■ DATASET ENTRIES
═══
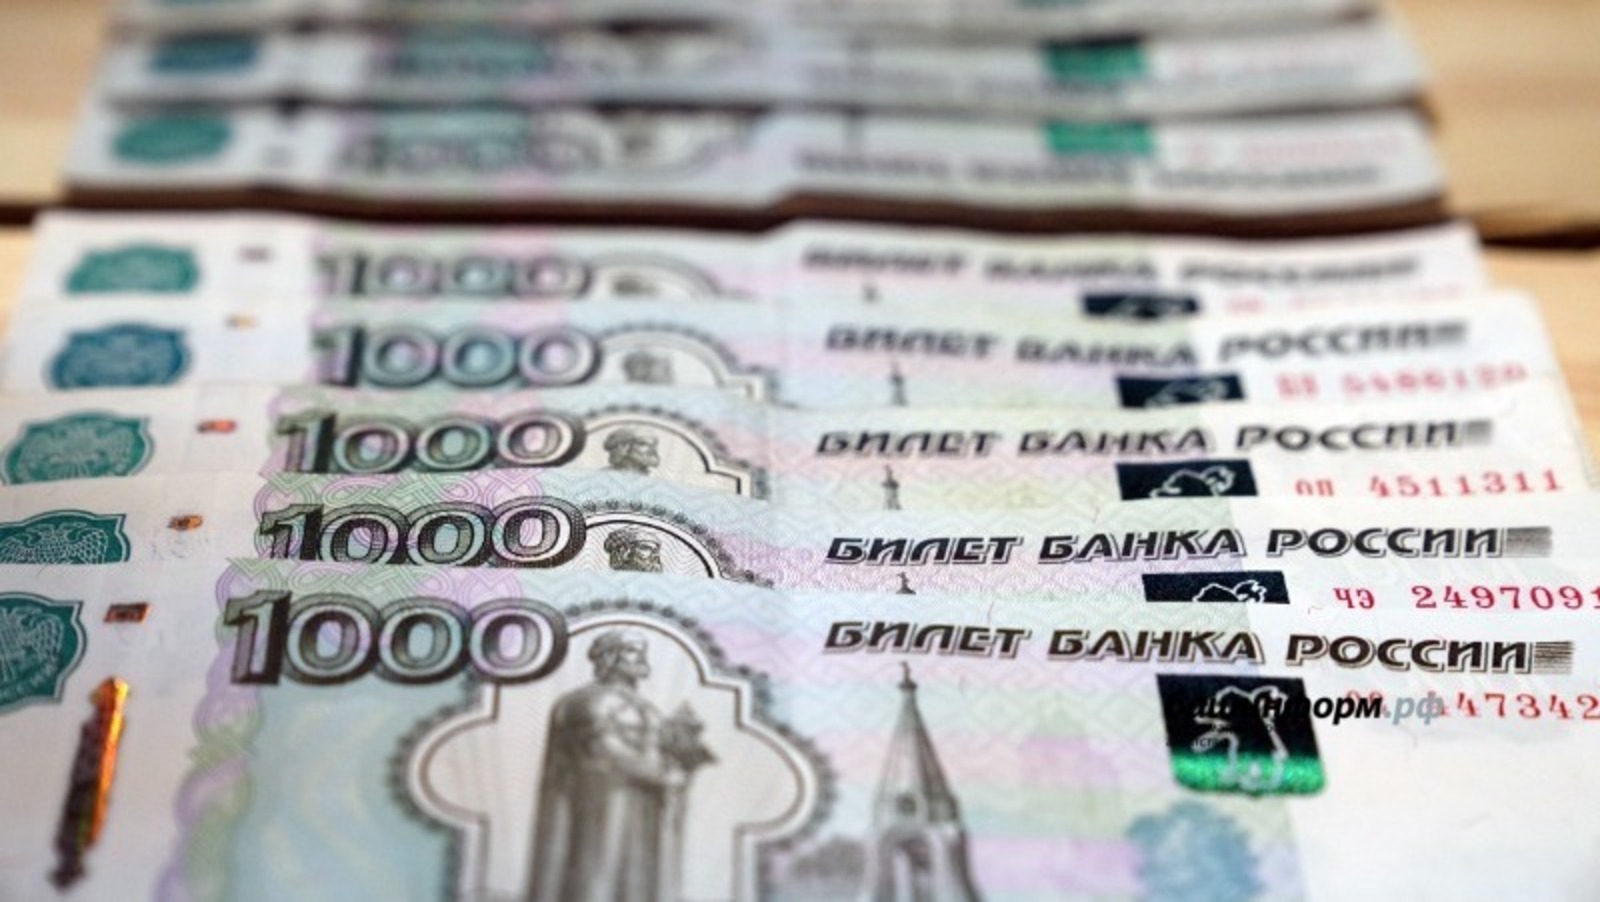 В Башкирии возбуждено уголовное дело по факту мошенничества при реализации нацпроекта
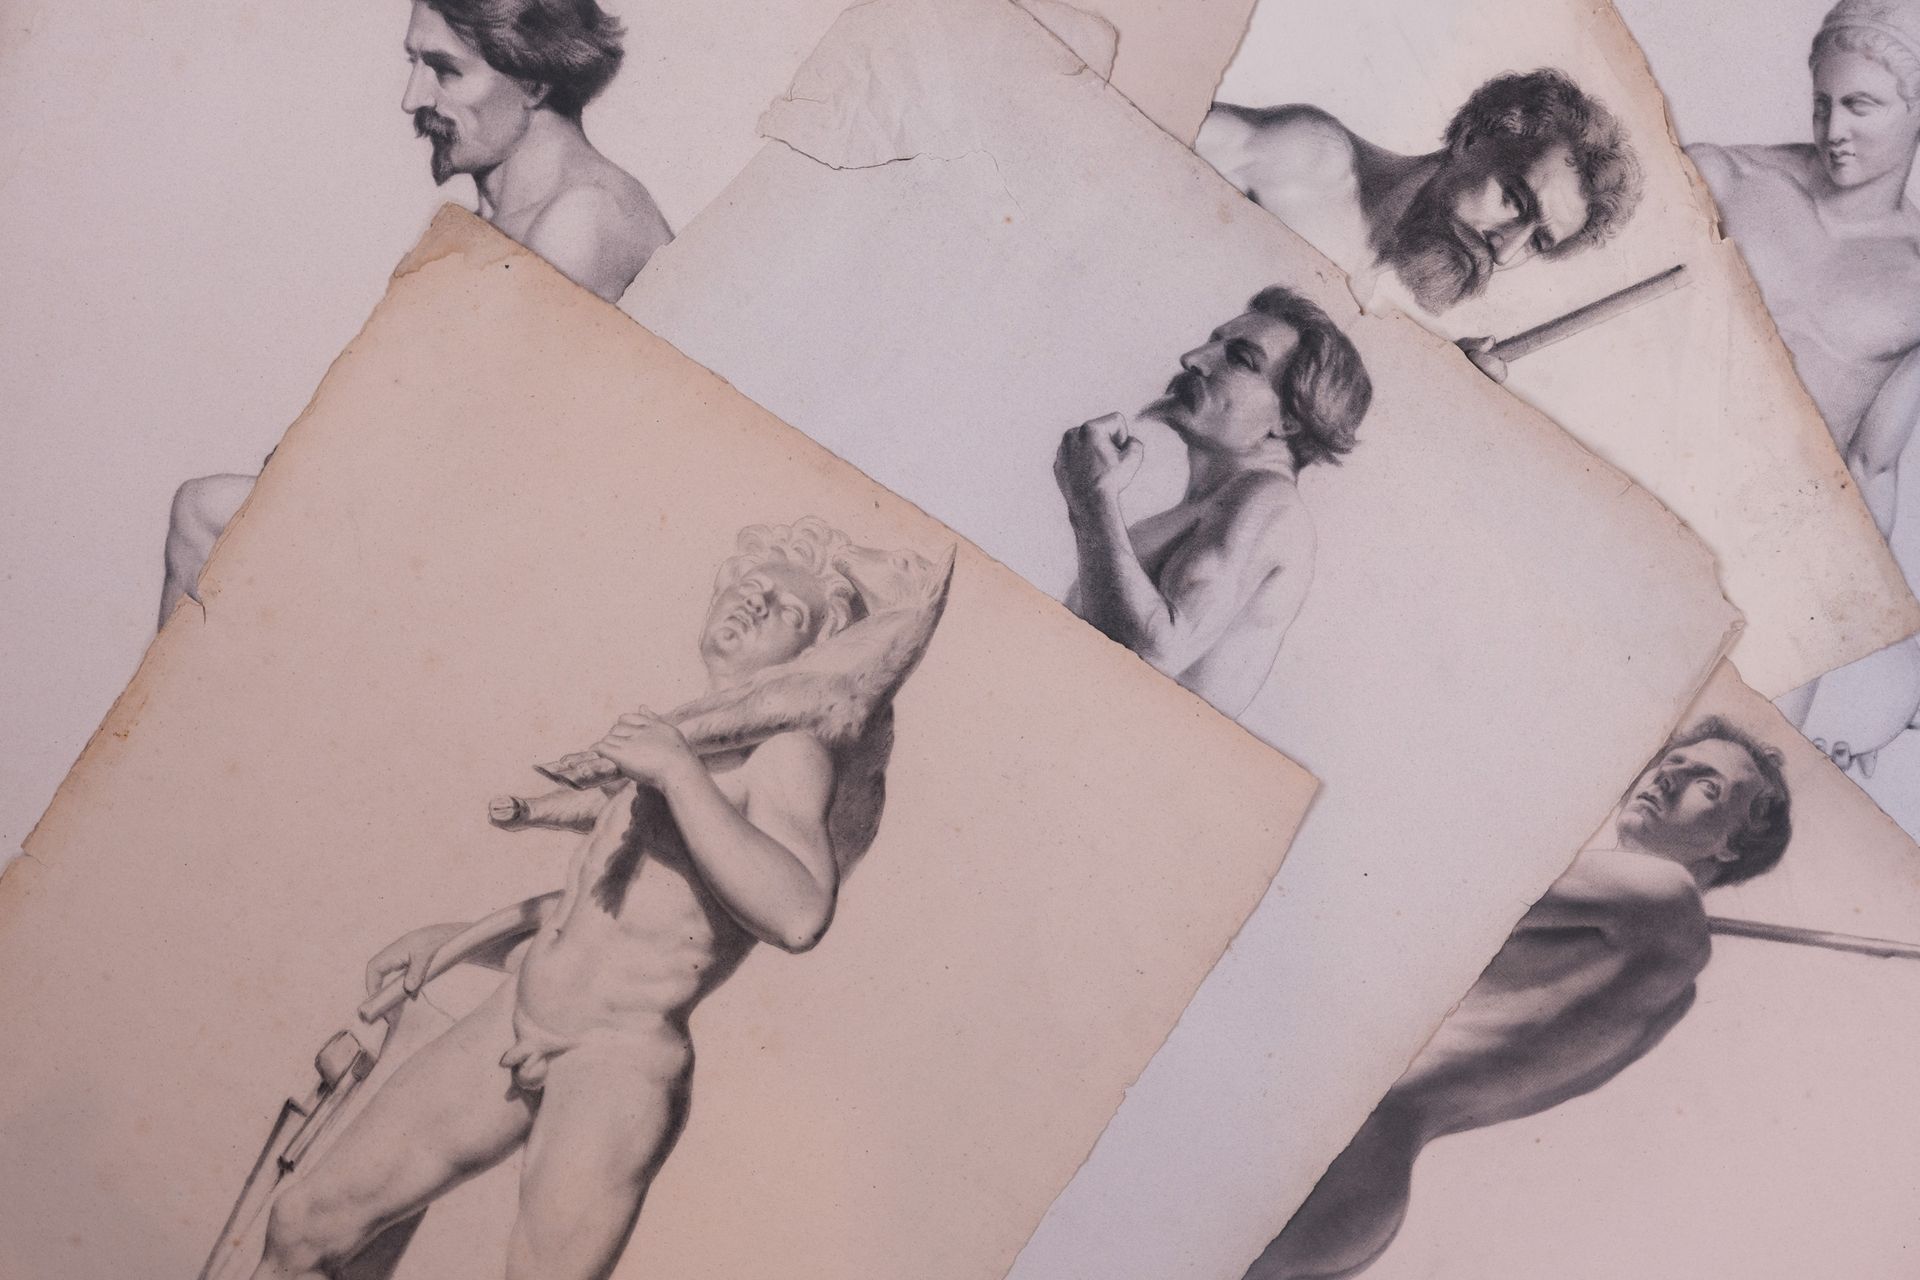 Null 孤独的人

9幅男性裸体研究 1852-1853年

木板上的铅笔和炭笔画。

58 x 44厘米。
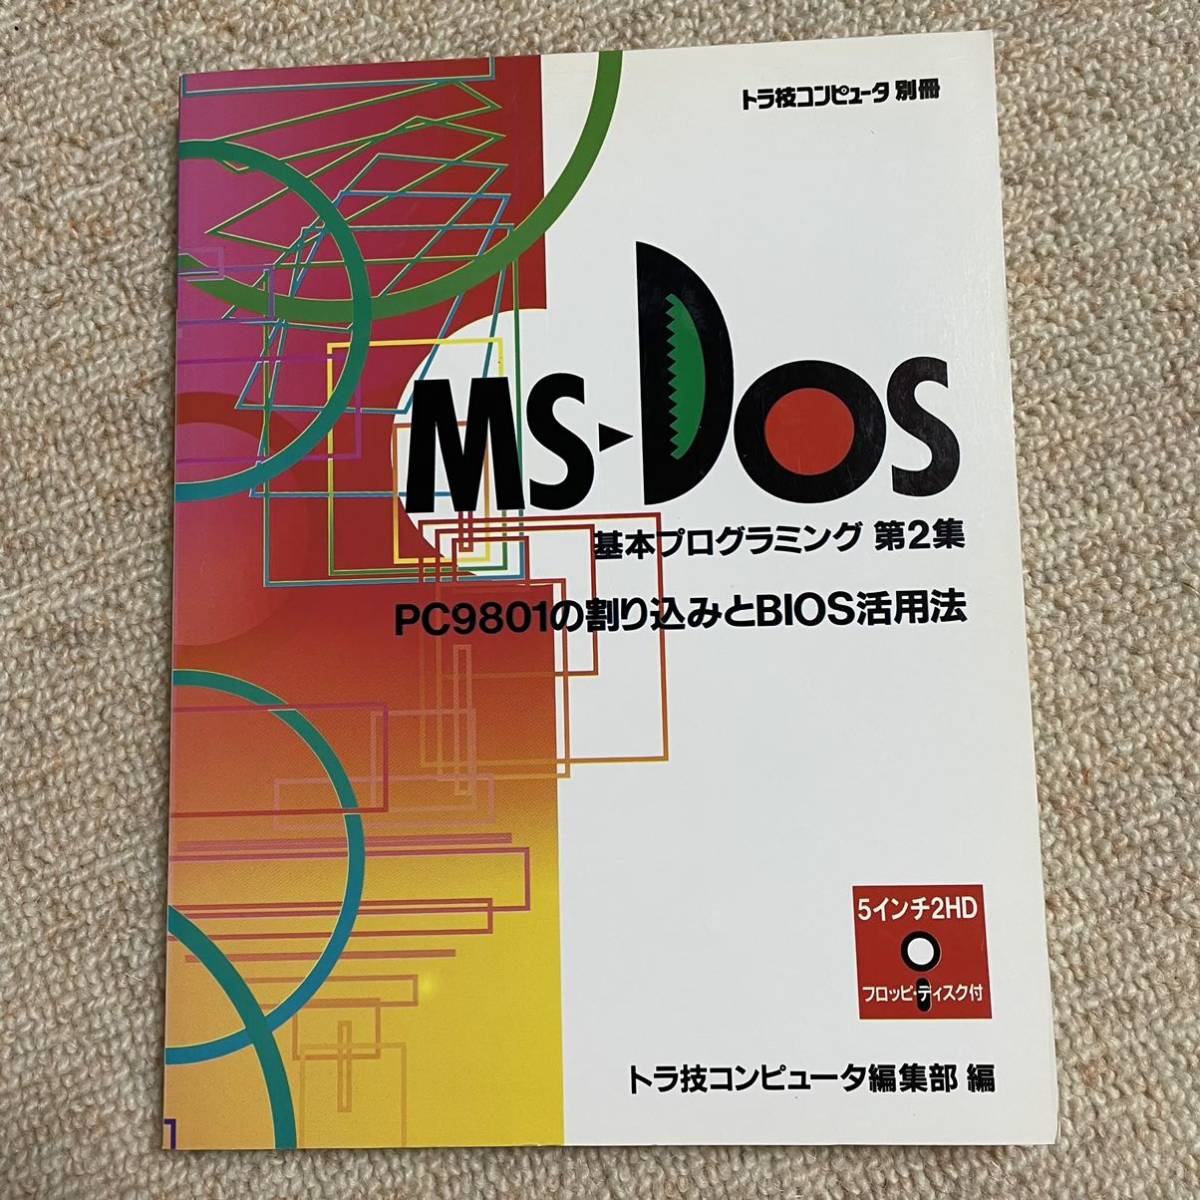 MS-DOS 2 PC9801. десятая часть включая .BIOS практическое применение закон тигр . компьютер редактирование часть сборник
═══
The data above needs to be retyped exactly, with the images left out.

■ WRITTEN SOLUTION
 В Башкирии возбуждено уголовное дело по факту мошенничества при реализации нацпроекта
 Null 孤独的人

9幅男性裸体研究 1852-1853年

木板上的铅笔和炭笔画。

58 x 44厘米。
 MS-DOS 2 PC9801. десятая часть включая .BIOS практическое применение закон тигр . компьютер редактирование часть сборник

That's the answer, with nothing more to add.